2. A system according to claim 1 wherein the means for creating a magnetic field comprises a stationary field located along the plane of the bed including a first region where the first magnetic gradient predominates and a second region where the second magnetic gradient predominates, and wherein the alternating means includes means for moving the suspended paramagnetic particles between the two regions of the stationary field.

3. A system according to claim 2 wherein the magnetic field comprises a first region adjacent to a second region, and wherein the alternating means includes means for moving the suspended paramagnetic particles in a reciprocating path between the adjacent first and second regions.

4. A system according to claim 3 wherein the stationary field comprises an array of alternating first and second regions.

5. A system according to claim 1 wherein the means for creating a magnetic field comprises a movable field located along the plane of the bed including a first region where the first magnetic gradient predominates and a second region where the second magnetic gradient predominates, and wherein the alternating means includes means for moving the magnetic field with respect to the paramagnetic particles between the two regions.
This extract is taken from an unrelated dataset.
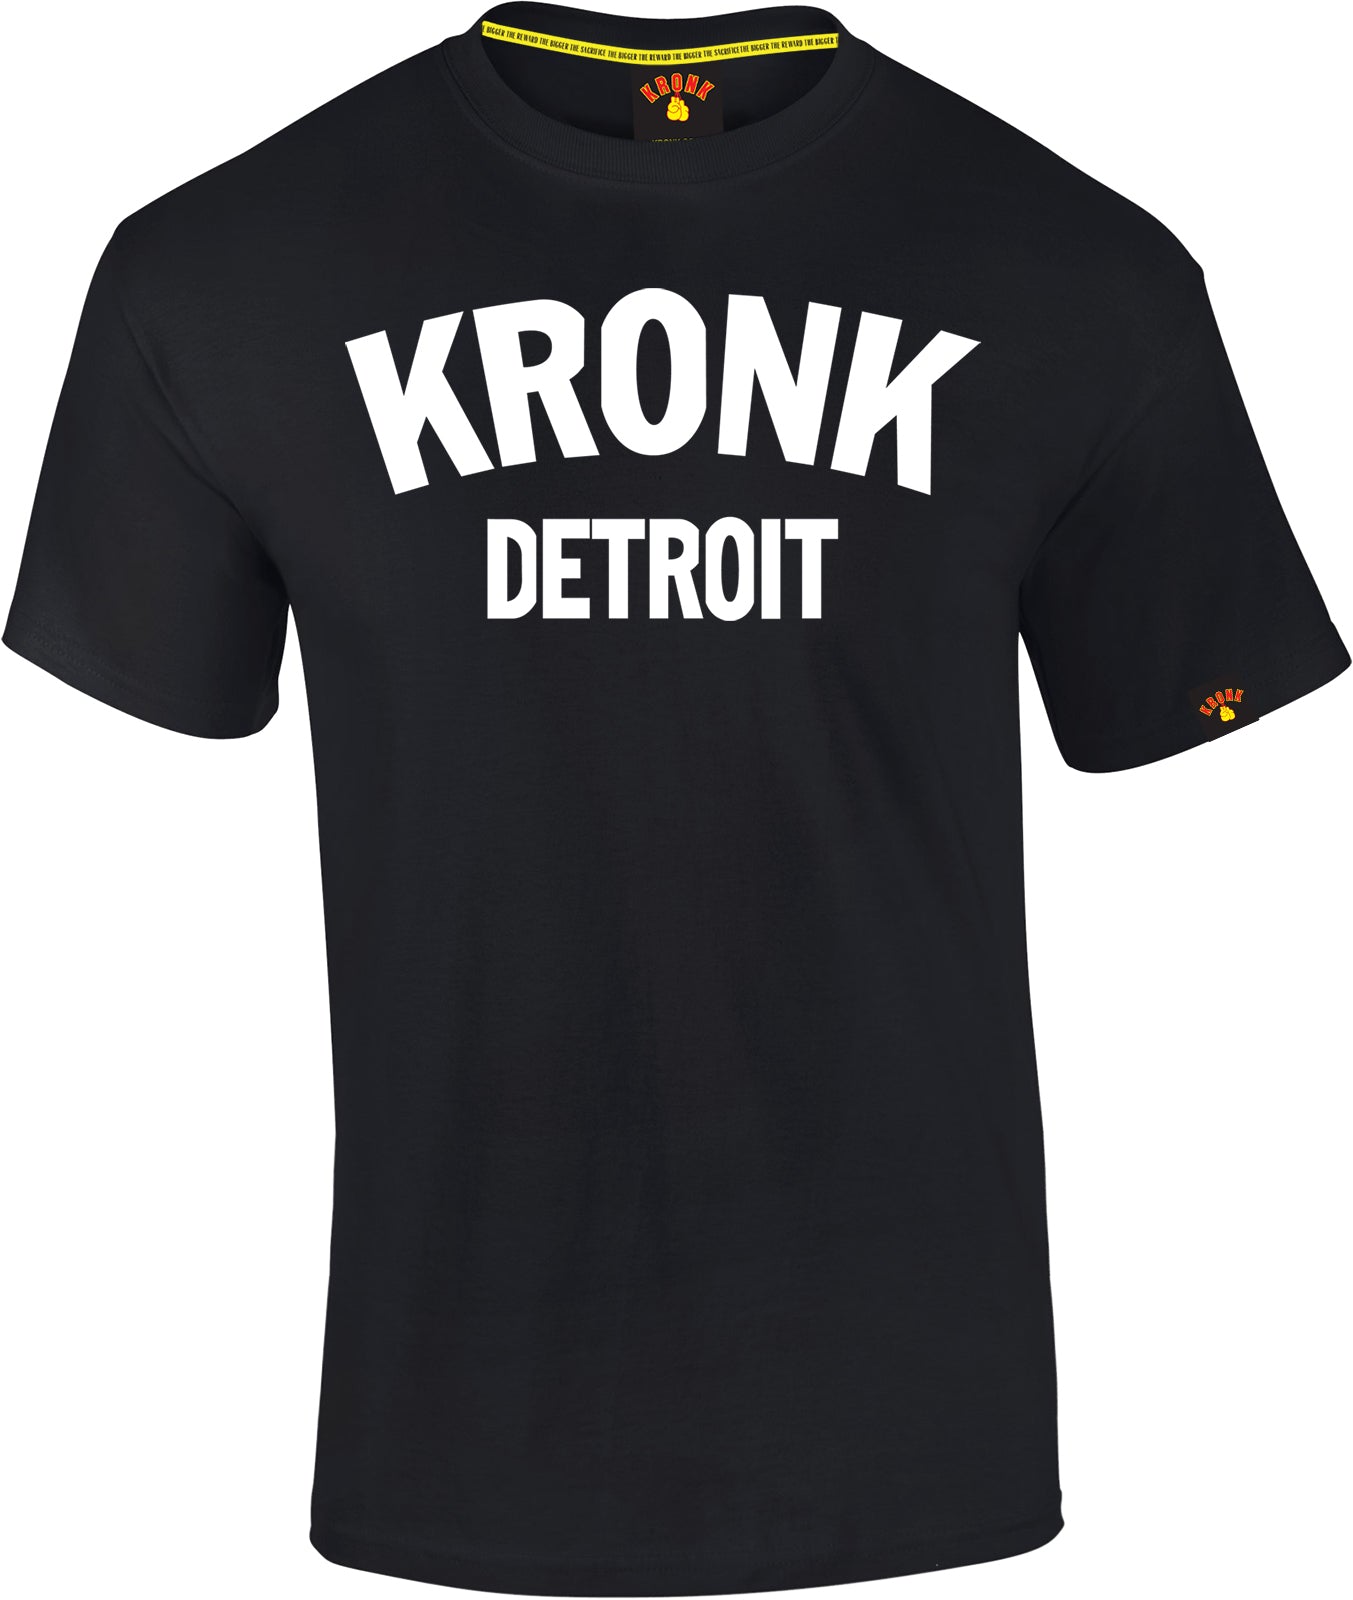 KRONK Detroit Regular Fit T Shirt Black with white logo

6. A system according to claim 5 wherein the magnetic field comprises a first region adjacent to the second region, and wherein the alternating means includes means for moving the magnetic field in a reciprocating path between adjacent first and second regions.

7. A system according to claim 6 wherein the stationary field comprises an array of alternating first and second regions.

8. A system according to claim 1 wherein the means for creating a magnetic field comprises an electromagnetic field located along the plane of the bed, and wherein the alternating means includes means for modulating the electromagnetic field with respect to the paramagnetic particles to alternatively create the first magnetic gradient and the second magnetic gradient.

9. A system according to claim 2 or 5 wherein the magnetic field includes an array of magnets each having a north magnetic pole face (N pole face) and a south magnetic pole face (S pole face) , and wherein the first region includes a first group of magnets having either all N pole faces or all S pole faces directed toward the support surface, and wherein the second region includes a second group of magnets having poles ends that are directed toward the support surface and that all have the same N or S pole face different than the pole faces of the first group.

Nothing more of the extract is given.